#### [Goal of the exercise]
Set down the whole listing below exactly, without pictures.

#### [The data]
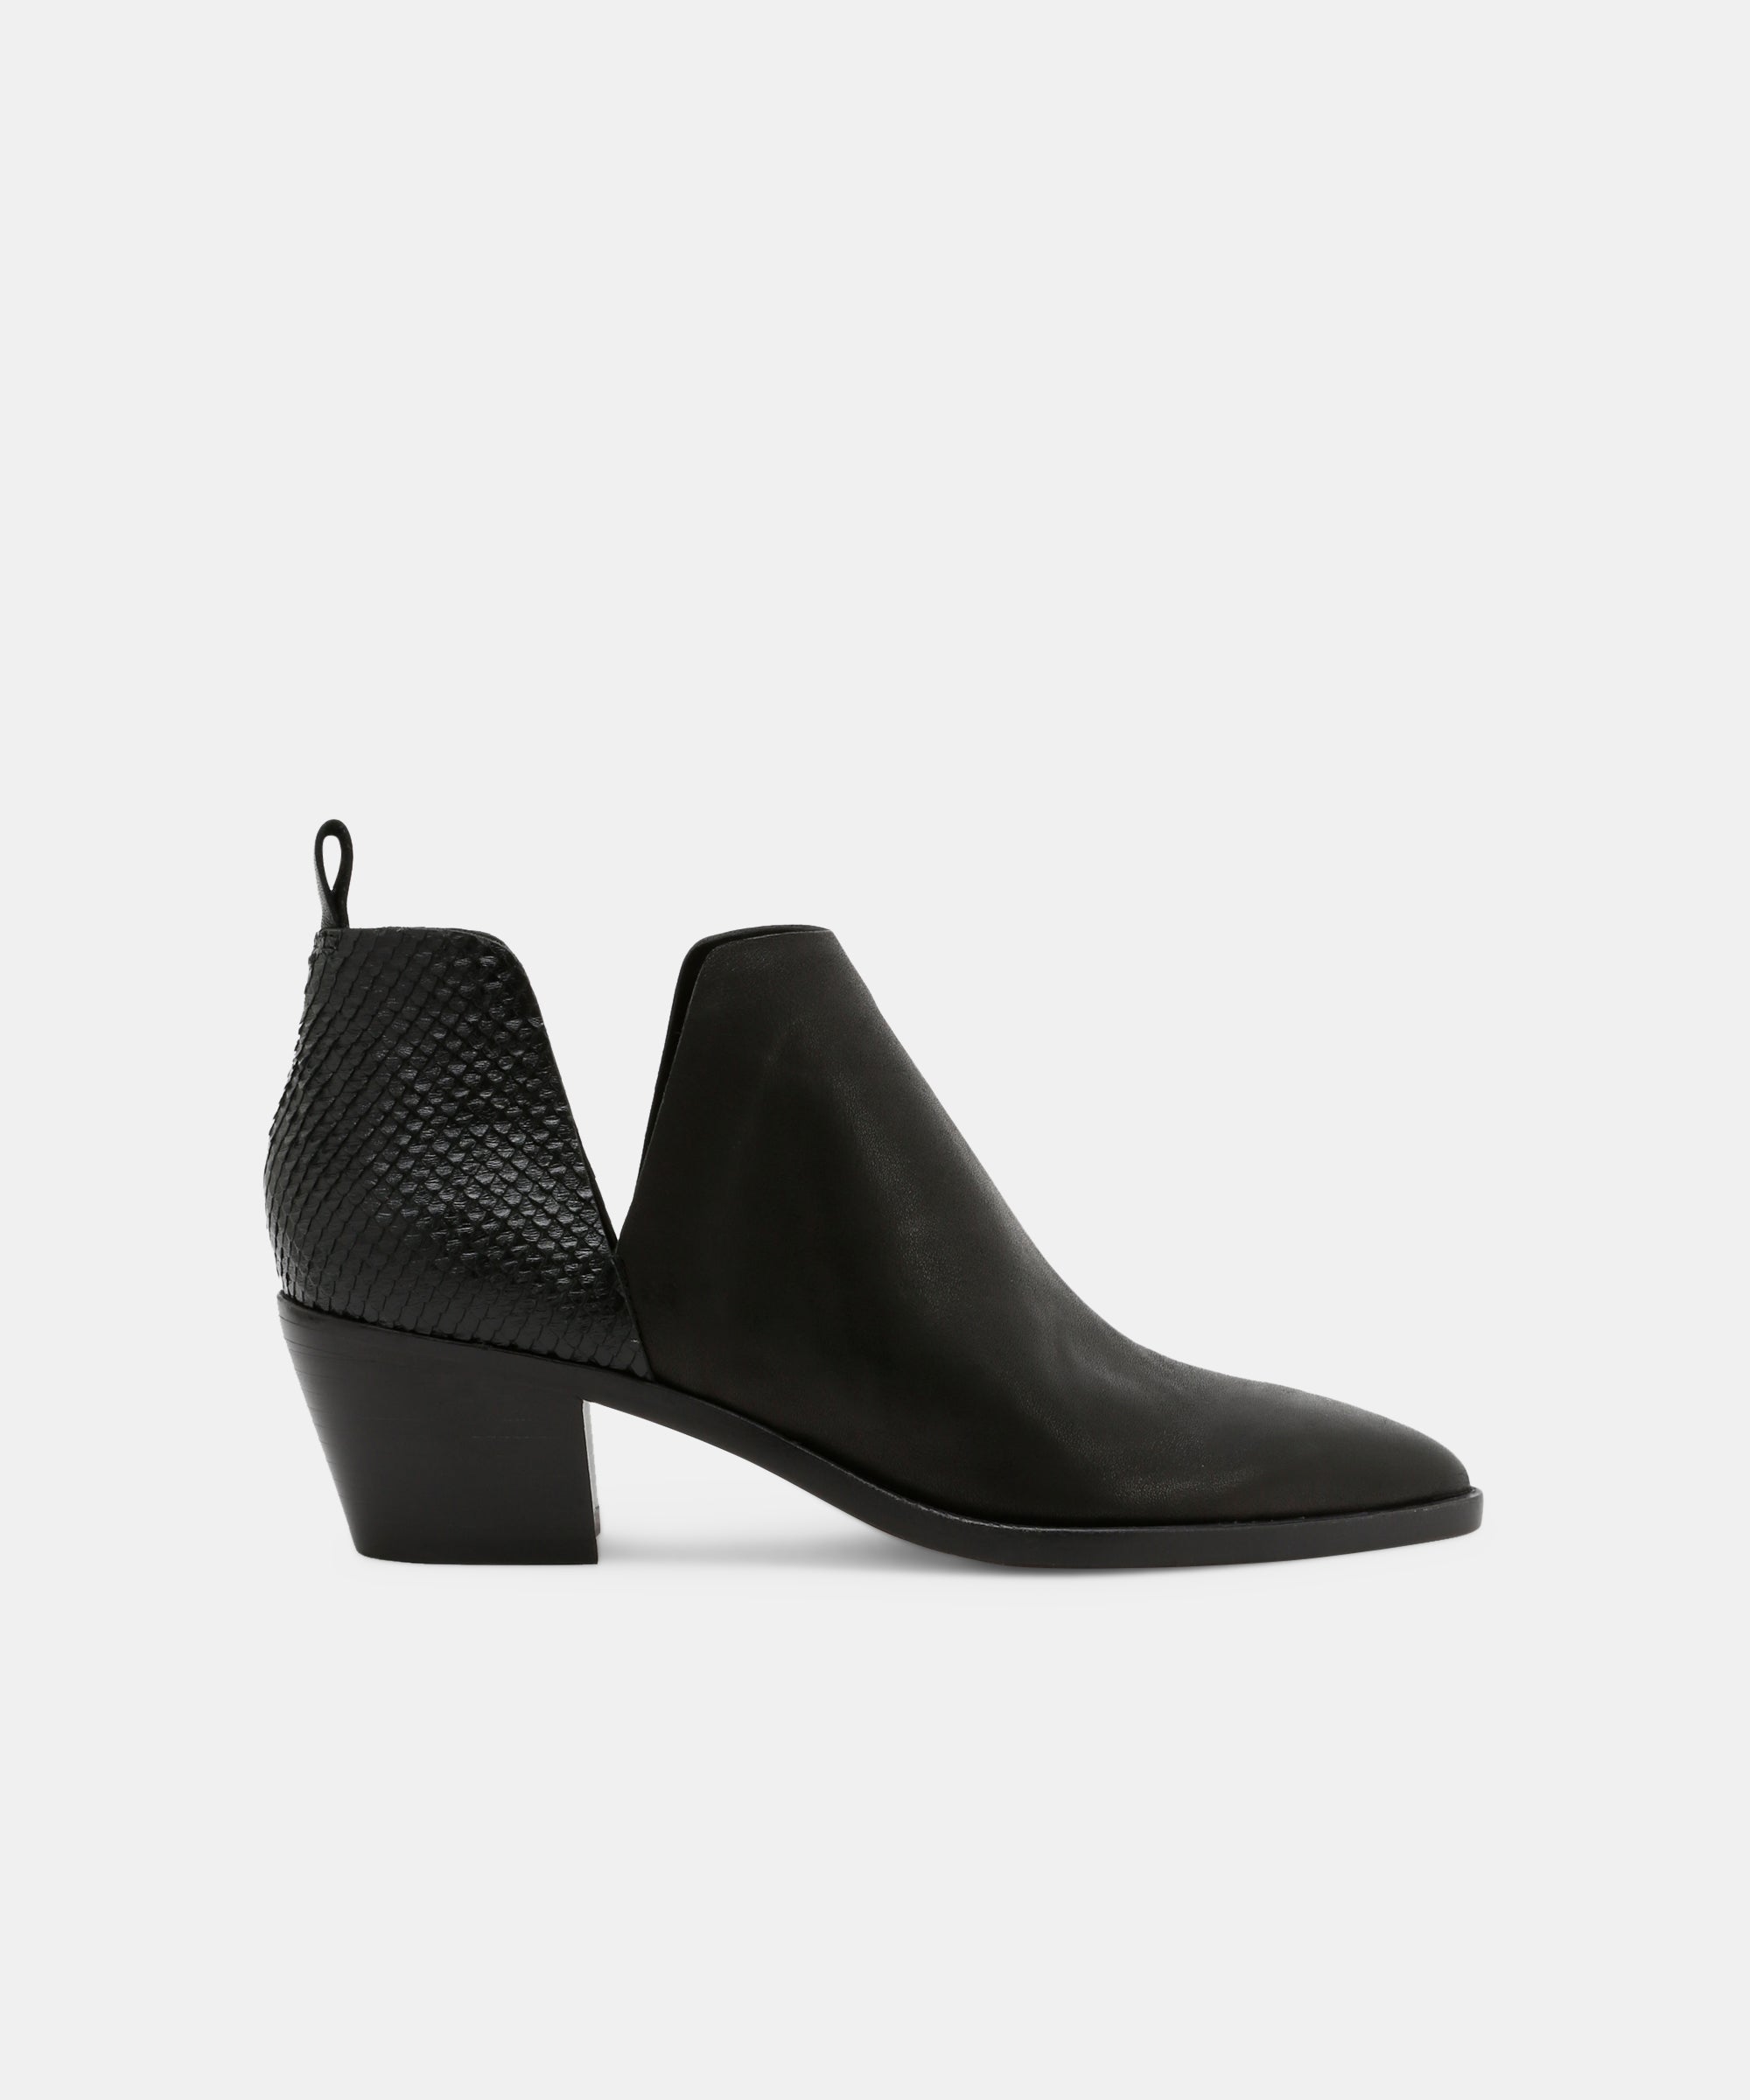 dolce vita shoes booties
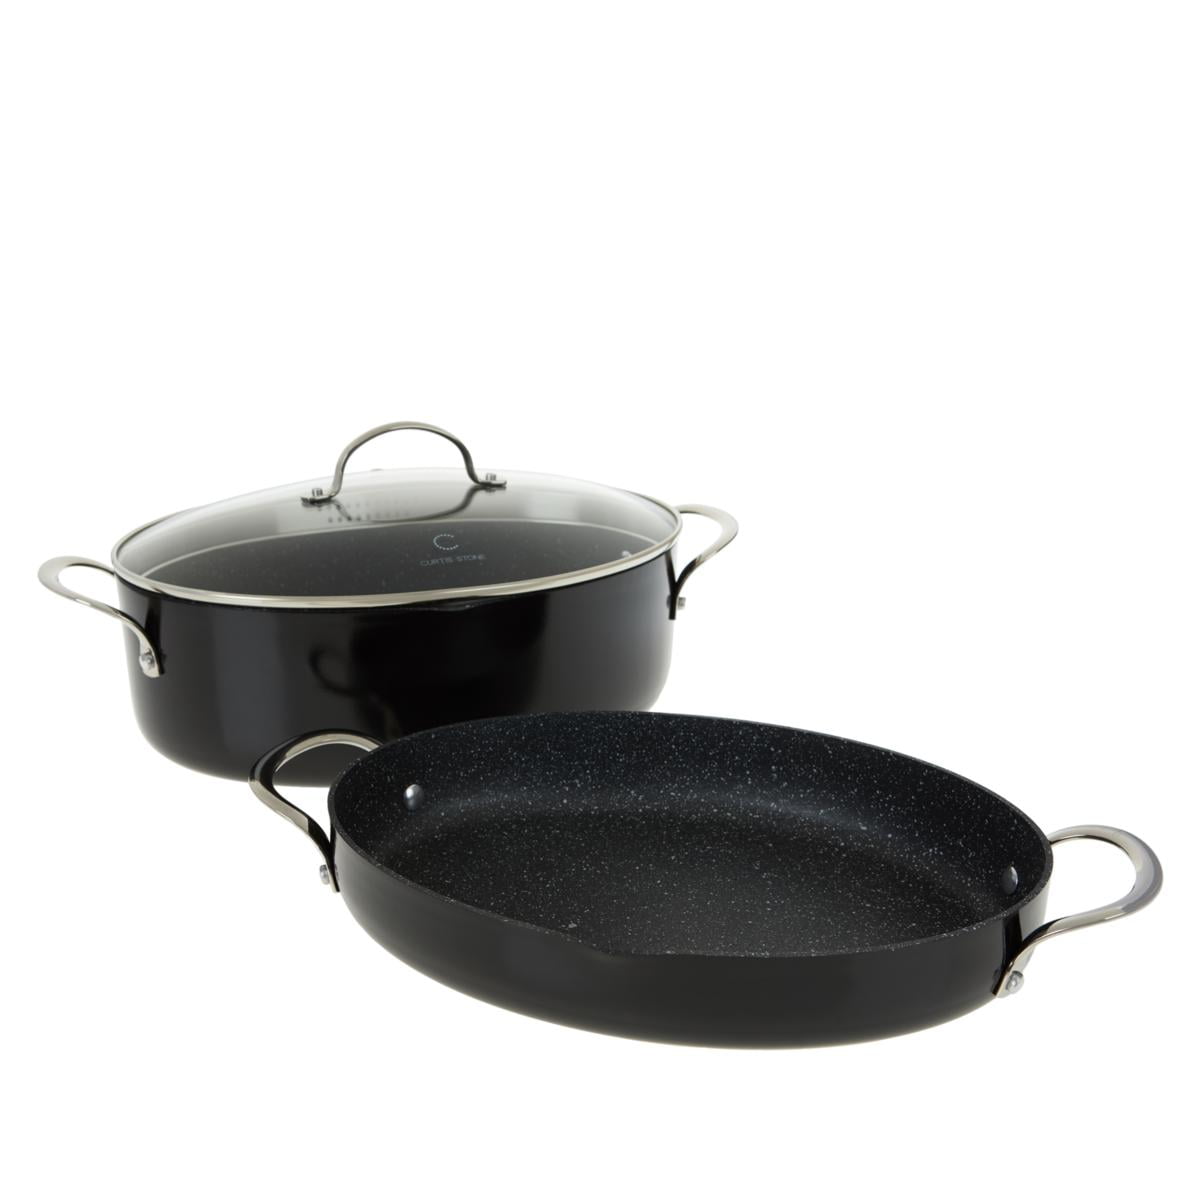 Curtis Stone 3-piece Oval Cookware Set Model 729-514 
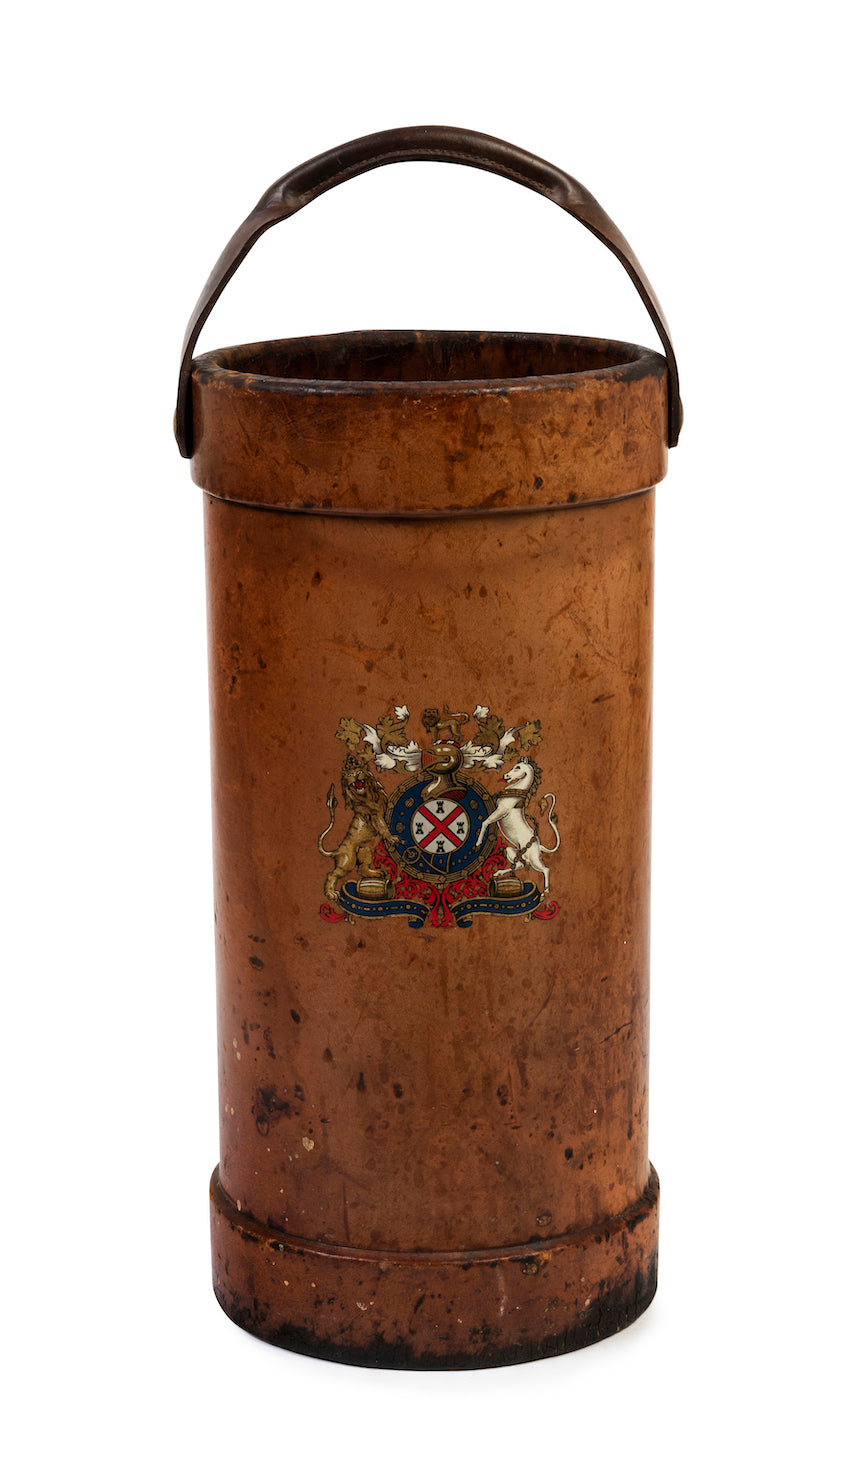 SOLD An Armorial decorated tan leather umbrella stand with handle, English Circa 1920

#### [Answer below]
 dolce vita shoes booties
 Curtis Stone 3-piece Oval Cookware Set Model 729-514 
 SOLD An Armorial decorated tan leather umbrella stand with handle, English Circa 1920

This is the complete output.